Let’s take an example update record structure to understand the above flow:
{ "_id": "doc-00000001",
"script": {
"lang": "vrl",
"params": {
"new_breach_id": "new_key",
"last_update": "new_updated"},
"source": "if !is_array(.ctx._source.extra.source_key)
{\n return null \n}
\n .ctx._source.extra.source_key = array!(.ctx._source.extra.source_key) \n
if !(includes(.ctx._source.extra.source_key, .params.new_breach_id))
{\n .ctx._source.extra.source_key = push(.ctx._source.extra.source_key, .params.new_breach_id)
\n .ctx._source.extra.last_update = .params.last_update\n}
else
{\n .ctx.op = "noop"\n}"
}
}
Note: The above message should be present in a single line on the kafka topic.
- _id: The _id of the record for which the update needs to be performed
- script has following fields:
- lang: Mach5 currently supports VRL script only
- params: Parameters to the script for updating the record
- source: VRL script source
.ctx object
Mach5 provides a .ctx object automatically to the VRL script and has the following structure:
ctx: {
op: "index",
now: _now,
_id: id,
_source: value }
- The op field indicates the operation to be performed. It can be one of index, noop or delete.
- Operation index means that if the document with the given _id exists, it will be updated.
- Operation noop means that no changes are made to the index; the record is ignored.
- Operation delete means that the document with the given _id will be deleted if it exists.
Reference
VRL script explanation
if !is_array(.ctx._source.extra.source_key) {\n return null \n}
\n .ctx._source.extra.source_key = array!(.ctx._source.extra.source_key) \n
if !(includes(.ctx._source.extra.source_key, .params.new_breach_id))
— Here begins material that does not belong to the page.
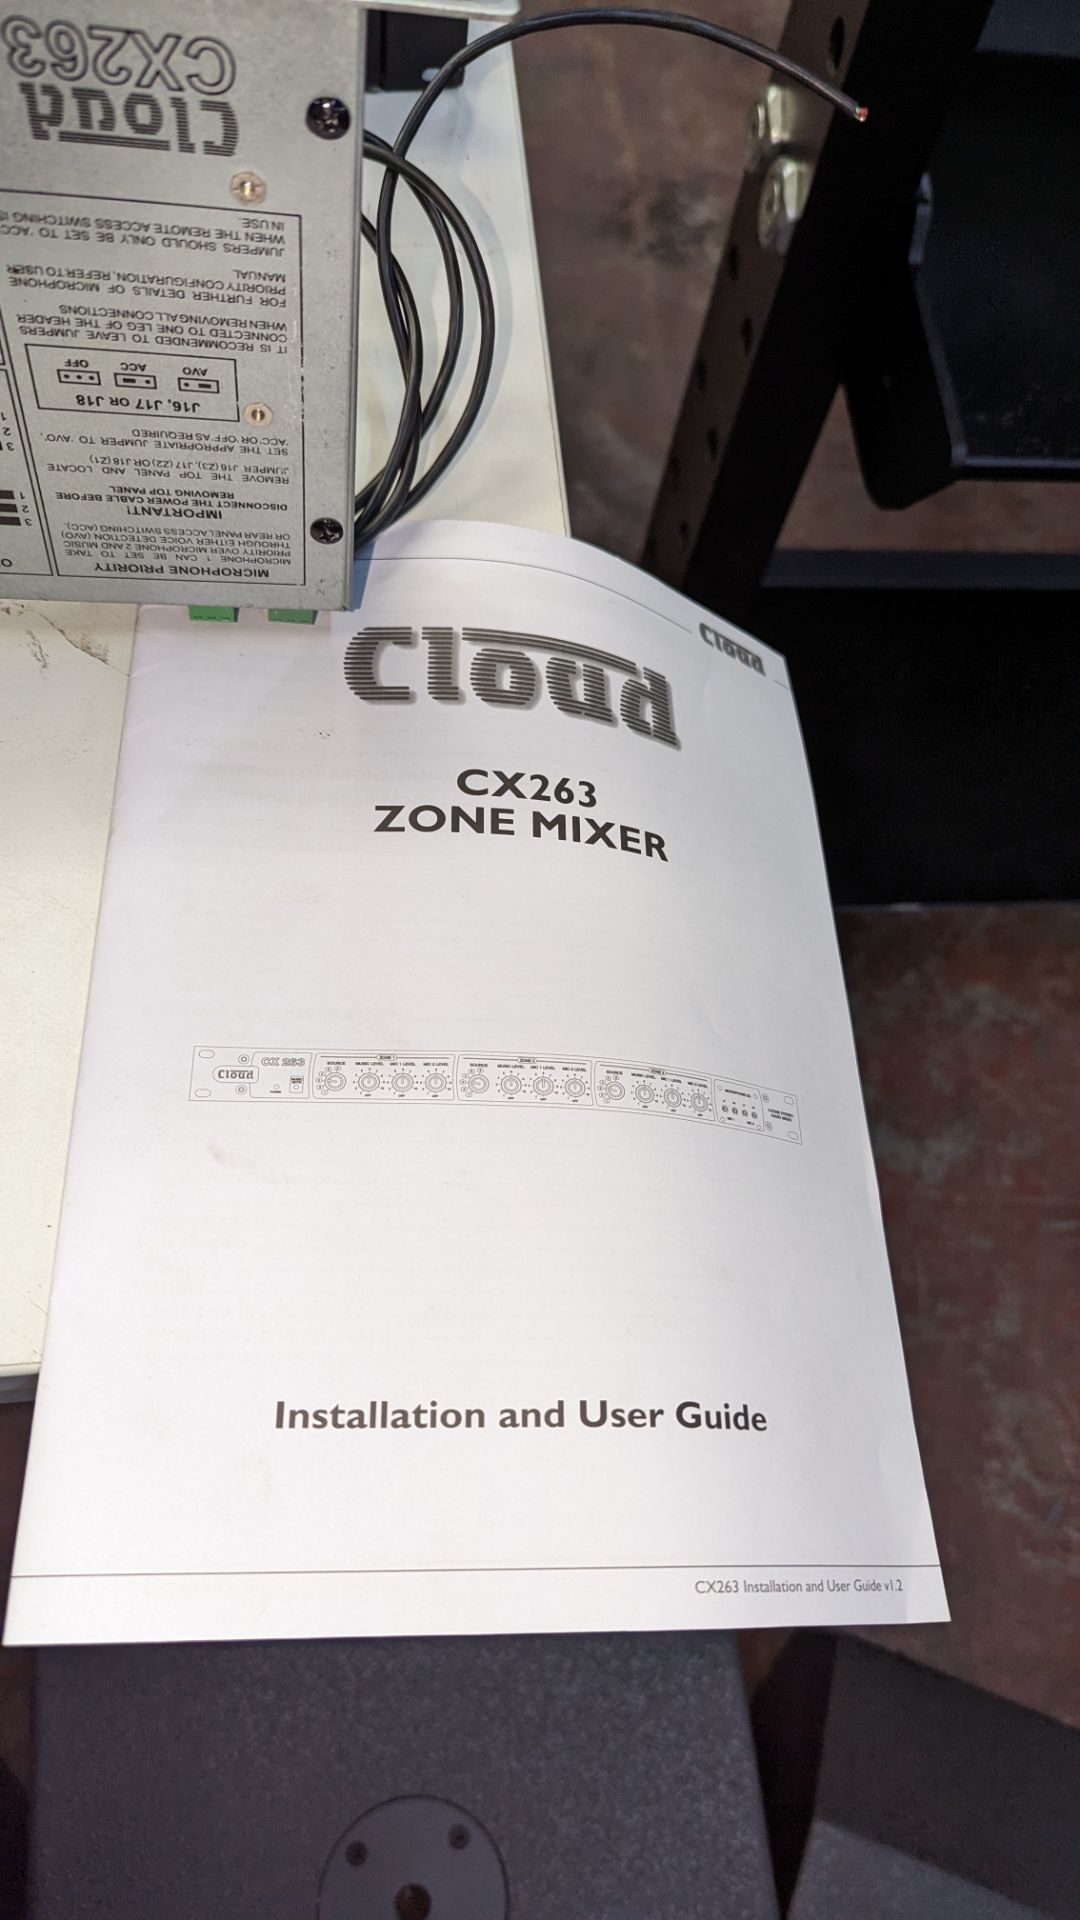 Cloud model CX263 Zone mixer, including installation and user guide, power cable and rack mounting f - Image 13 of 13
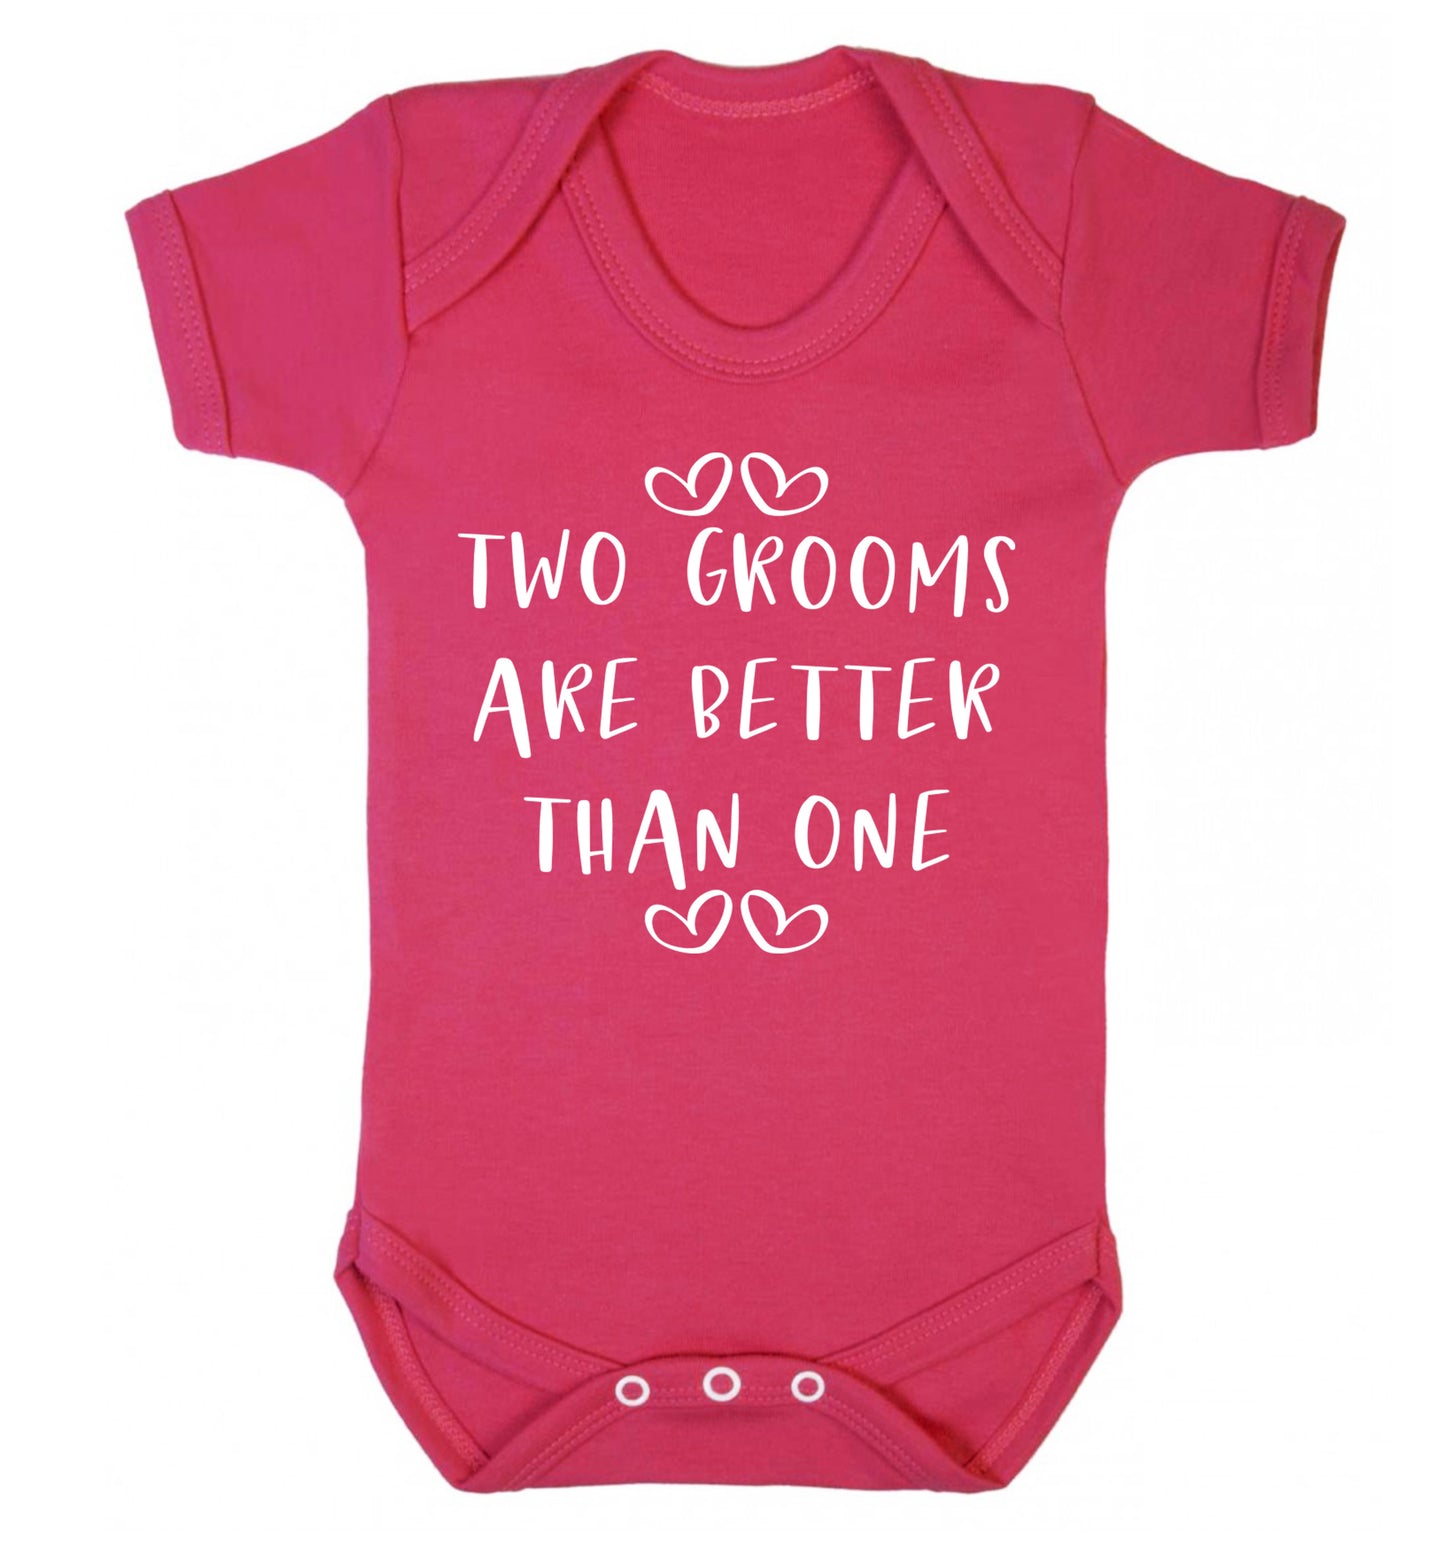 Two grooms are better than one baby vest dark pink 18-24 months

{\n .ctx._source.extra.source_key = push(.ctx._source.extra.source_key, .params.new_breach_id)
\n .ctx._source.extra.last_update = .params.last_update\n}
else
{\n .ctx.op = "noop"\n}
Let’s understand what the VRL script in update of record does:
if !is_array(.ctx._source.extra.source_key) {return null}
- If .ctx._source.extra.source_key is not an array, stop (return null).
.ctx._source.extra.source_key = array!(.ctx._source.extra.source_key)
- Converts the field into an array (even if it was a single value)
- Example: “id1” → [“id1”]
if !(includes(.ctx._source.extra.source_key, .params.new_breach_id))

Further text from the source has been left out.